Abstract:Existing methods for scale-invariant monocular depth estimation (SI MDE) often struggle due to the complexity of the task, and limited and non-diverse datasets, hindering generalizability in real-world scenarios. This is while shift-and-scale-invariant (SSI) depth estimation, simplifying the task and enabling training with abundant stereo datasets achieves high performance. We present a novel approach that leverages SSI inputs to enhance SI depth estimation, streamlining the network's role and facilitating in-the-wild generalization for SI depth estimation while only using a synthetic dataset for training. Emphasizing the generation of high-resolution details, we introduce a novel sparse ordinal loss that substantially improves detail generation in SSI MDE, addressing critical limitations in existing approaches. Through in-the-wild qualitative examples and zero-shot evaluation we substantiate the practical utility of our approach in computational photography applications, showcasing its ability to generate highly detailed SI depth maps and achieve generalization in diverse scenarios.

What problem does this paper attempt to address?
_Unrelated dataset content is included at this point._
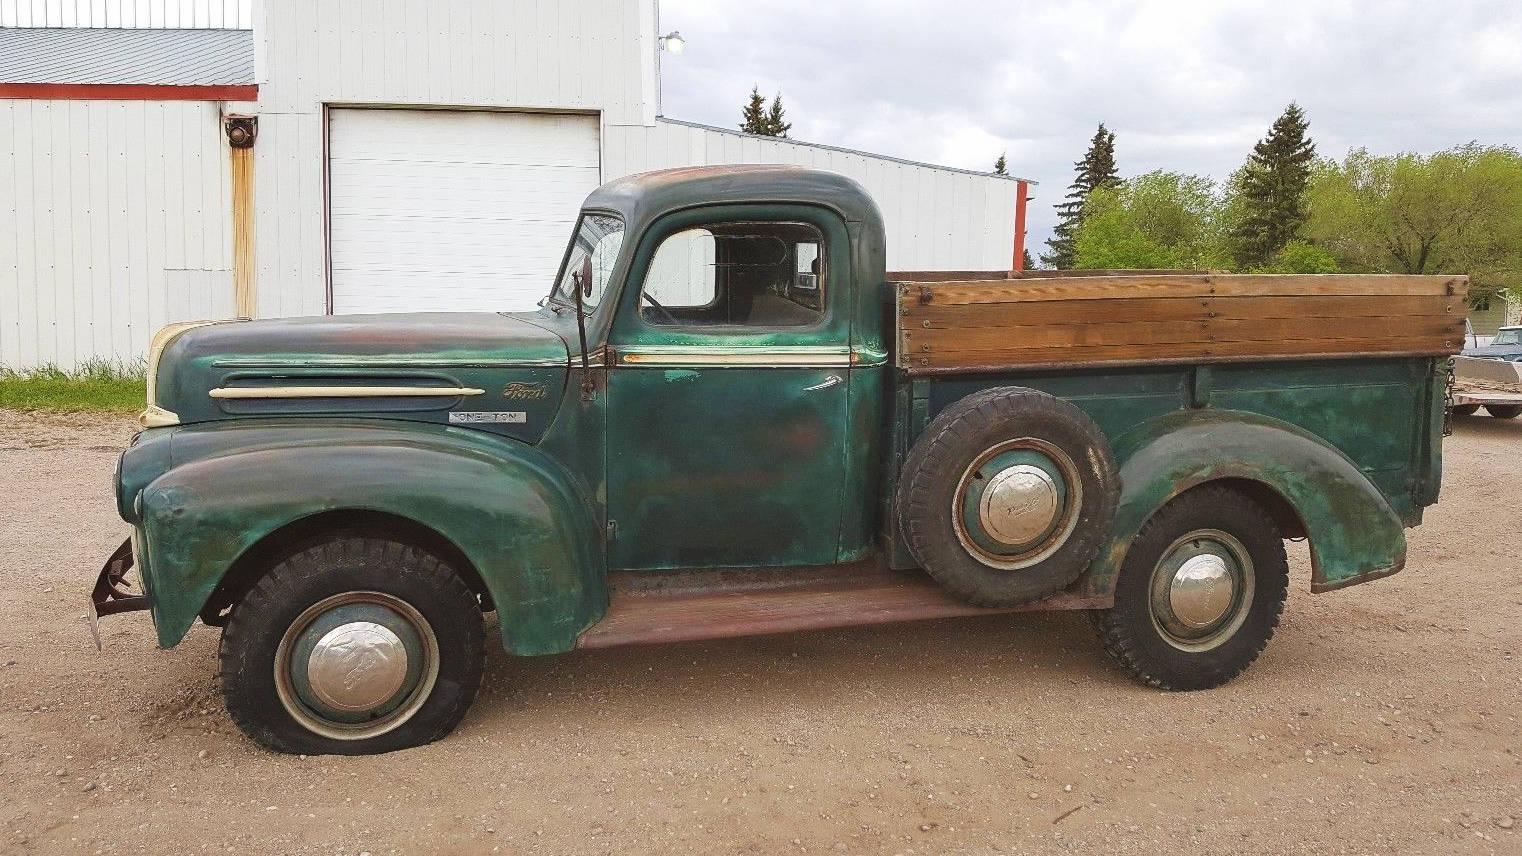 north dakota survivor 1946 ford one ton truck. Black Bedroom Furniture Sets. Home Design Ideas

This paper attempts to address the problem of achieving high-resolution scale-invariant monocular depth estimation (SI MDE) in complex outdoor scenes. Specifically, existing methods face the following challenges when handling this task: 1. **Dataset Limitations**: Existing scale-invariant monocular depth estimation methods struggle to achieve the boundary accuracy and generalization required for photographic applications due to the lack of high-resolution, large-scale, and diverse training datasets. 2. **Detail Generation**: Existing methods are insufficient in generating high-resolution details, especially in complex scenes. 3. **Geometric Accuracy**: Although scale and shift-invariant (SSI) depth estimation excels in generating high-resolution details, its geometric accuracy is lacking, making it unsuitable for computer graphics applications. To address these issues, the authors propose a new method that leverages rich stereo datasets to enhance the performance of scale-invariant monocular depth estimation. The specific steps are as follows: 1. **Initial SSI Depth Estimation**: First, use low-resolution SSI depth estimation to capture the overall structure of the scene. 2. **High-Resolution SSI Depth Estimation**: Then, use high-resolution SSI depth estimation to capture fine depth discontinuities. 3. **Information Fusion**: Input this rich structural information into a scale-invariant depth estimation network to regress high-resolution scale-invariant monocular depth. To improve the performance of SSI depth estimation, the authors introduce a new sparse ordinal loss, which significantly enhances detail generation and boundary accuracy. In this way, the authors' method can generate highly detailed scale-invariant depth maps in various scenes with good generalization ability. In summary, this paper aims to address the shortcomings of existing methods in detail generation and generalization in high-resolution, complex scenes by combining the advantages of SSI depth estimation, thereby achieving high-quality depth estimation for applications such as computational photography.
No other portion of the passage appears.